BACK IN THE GAME

Her 'Single White Female' days behind her, Chely Wright returns with a new look, a new commitment to country music and a new vow - to be on top once again.

Chely Wright parted company with her record label, MCA Nashville, in 2002, finished her scheduled tour dates and then did something she'd never done in her 10-year career. She disappeared.

"I had to 're-find' myself," confesses Chely, "maybe even a self I'd never found before, because I'd gone so long in the machine. You know, ten years of making records, doing the videos, touring. There was a new me in there to be discovered. I wanted to see what I would do every day when I got up, with no promise of a record deal, no tour dates - no obligations. I thought, 'What will I do? Let's just see.'

"I got up every morning and ended up in my music room, playing my piano and guitar, writing songs and having the best time I'd ever had. That's where it all began. I realized, 'Yeah, I like country - I don't want to cross over. I do want to be on country radio, and that's it. Do I want to be a pin-up girl? No, it's too hard.' I had to find my voice."

Since she first charted 10 years ago with the 1994 single, "He's a Good Ole Boy," Chely has weathered enough label changes to make many artists want to simply give up.
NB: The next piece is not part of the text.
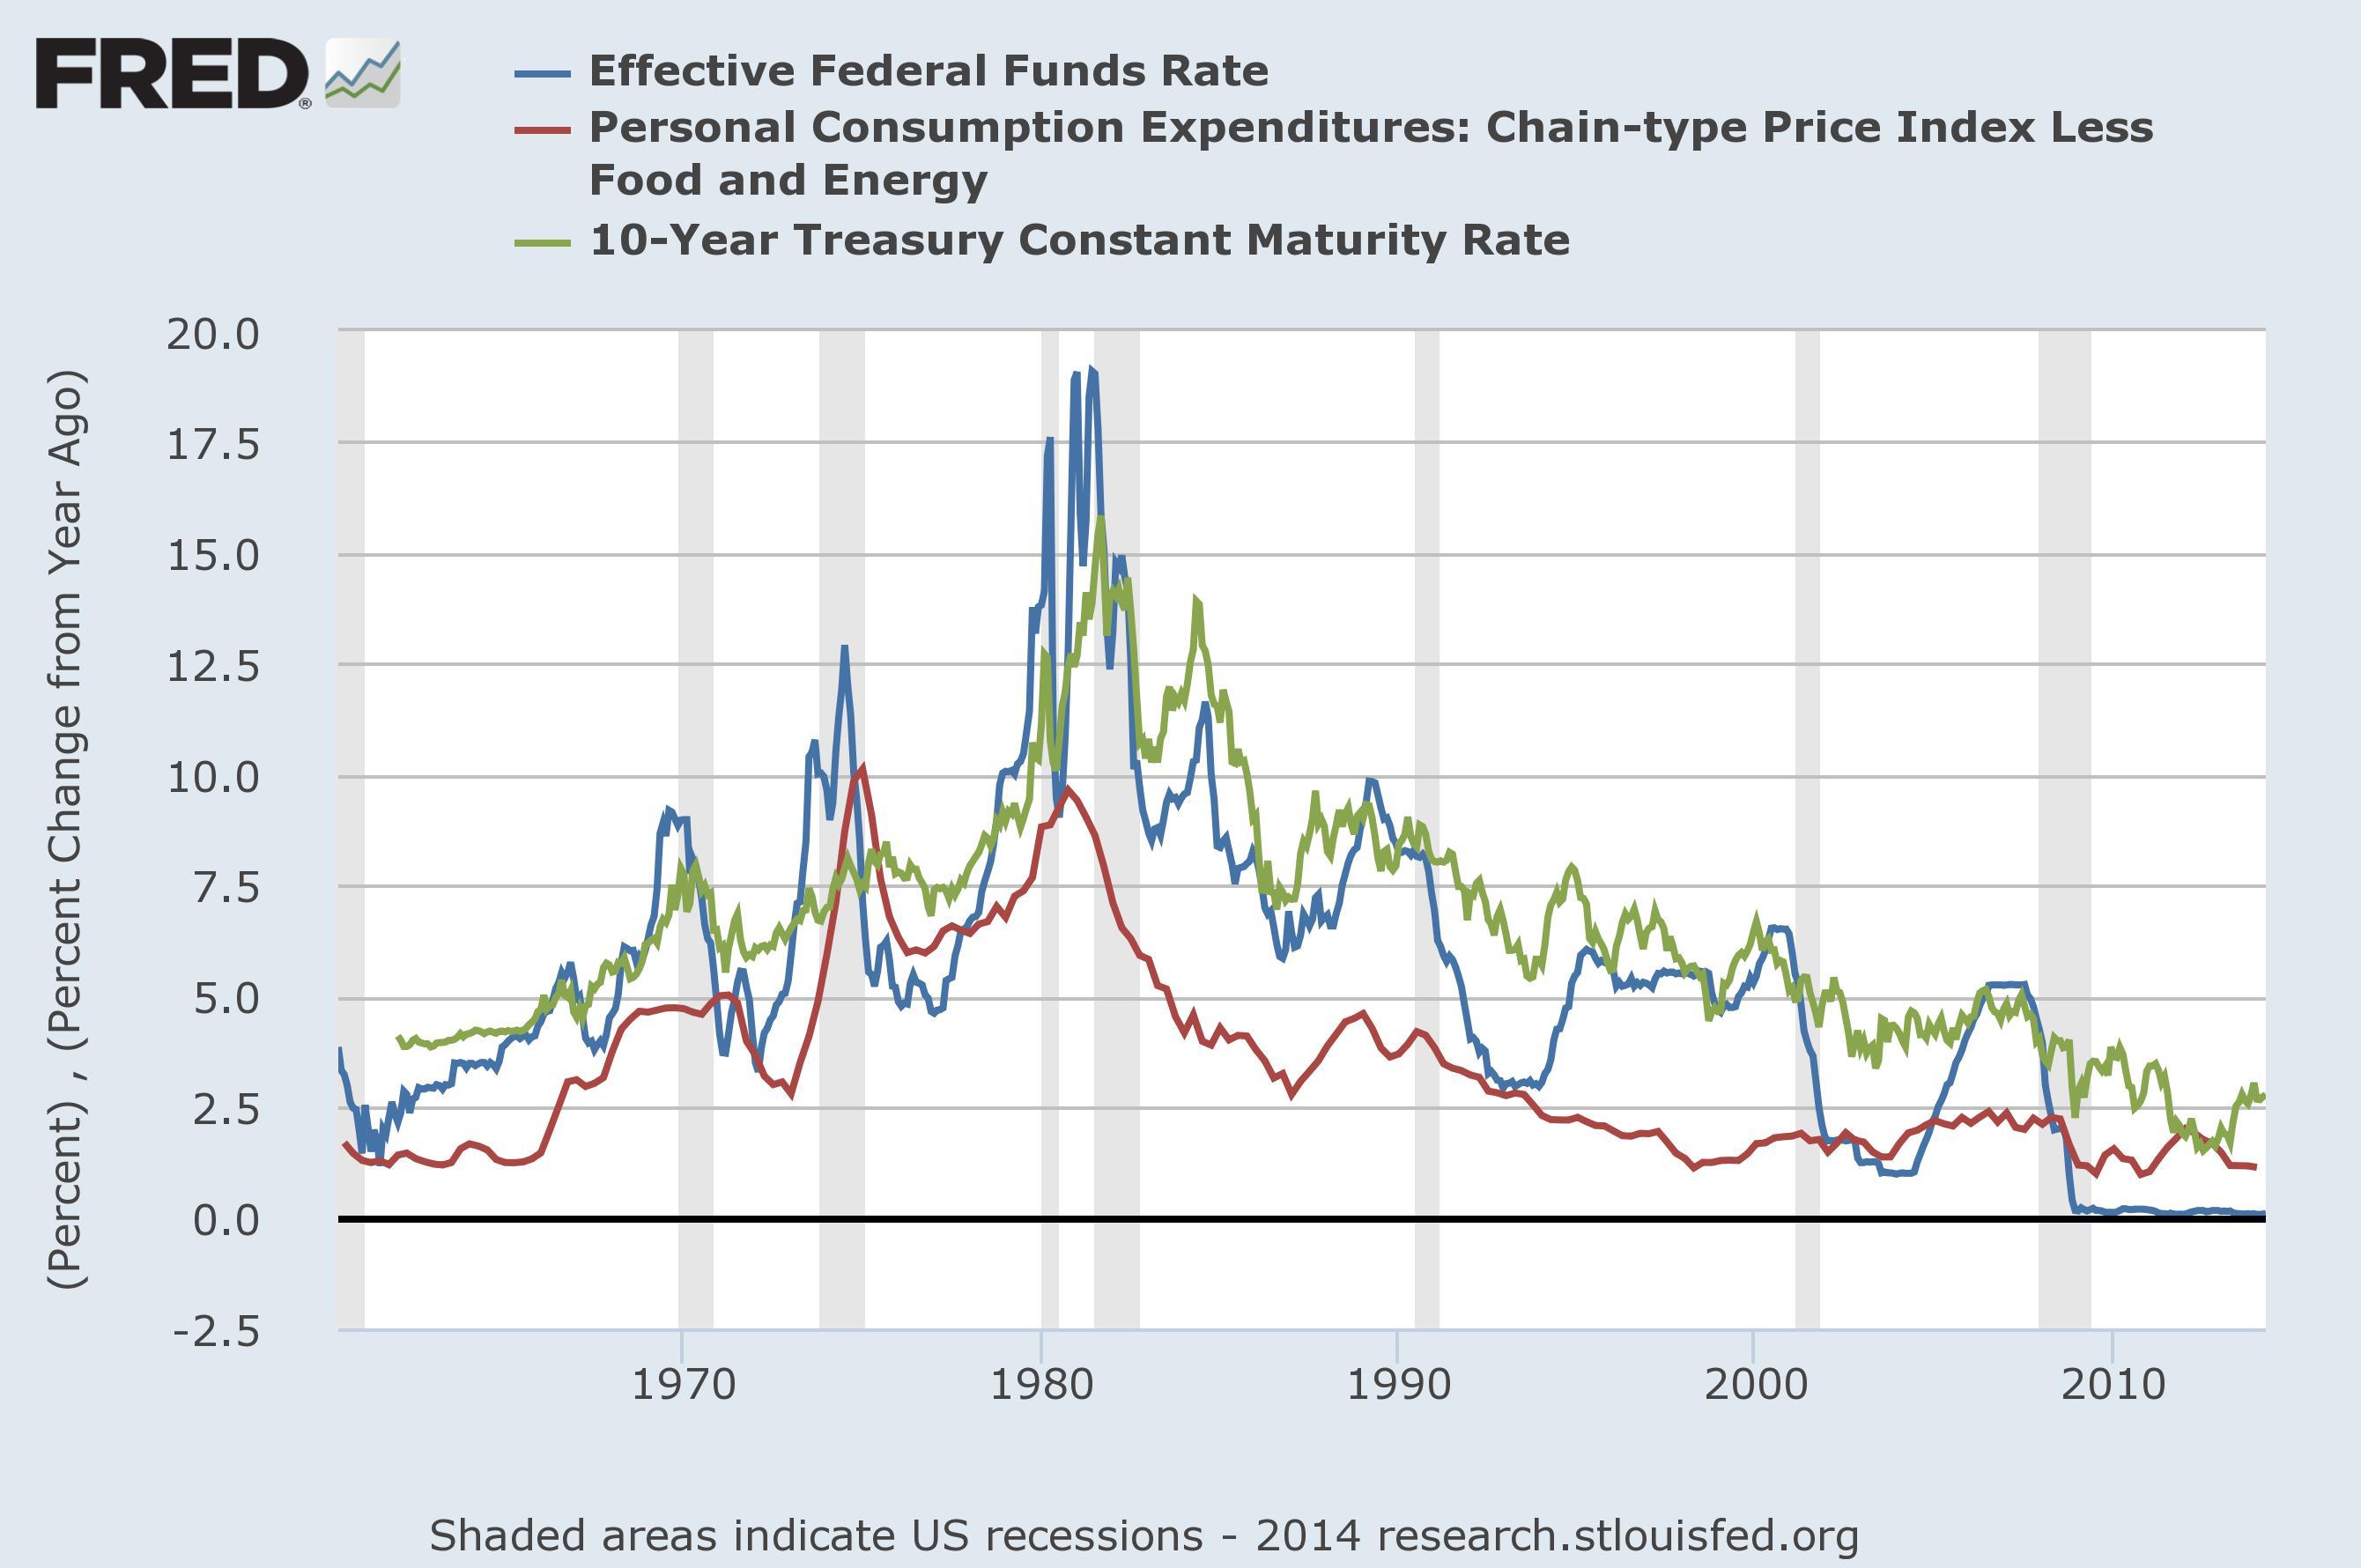 pce-core-yield-fed-funds.jpg

She went from Mercury to Polydor to A&M, back to Mercury, then to MCA - until the bottom fell out of that deal, too.

"I was really content with the fact that I may not make another record," she admits. "I hoped I'd get to because I love the process and I love doing this job. But I thought, 'If I don't get the perfect opportunity, which I need at this point - where I will be a priority and they're not going to put me on the shelf until 2006 - I won't do it. I'll stay at the house.'

"Financially, I'm a low-maintenance kind of girl," explains Chely. "I've never had a credit card. I grew up so poor, I think I saved eight out of every 10 cents I ever made. I was in a good position, fortunately, because my manager and I had always made good decisions based on career and not money. But I was always very careful with my money, and we loved it that I was in a position to say, 'I don't need to tour - I don't have a house payment.'

"So I told him I wanted to take time off and he said, 'You do? That's great - I think you should.' He's probably the only manager in town who was excited for me to be able to take time off. The rest of 'em would be like, 'Where's my 15 percent?' " She laughs. "I vowed to myself, 'I won't come back unless it's the right situation.' "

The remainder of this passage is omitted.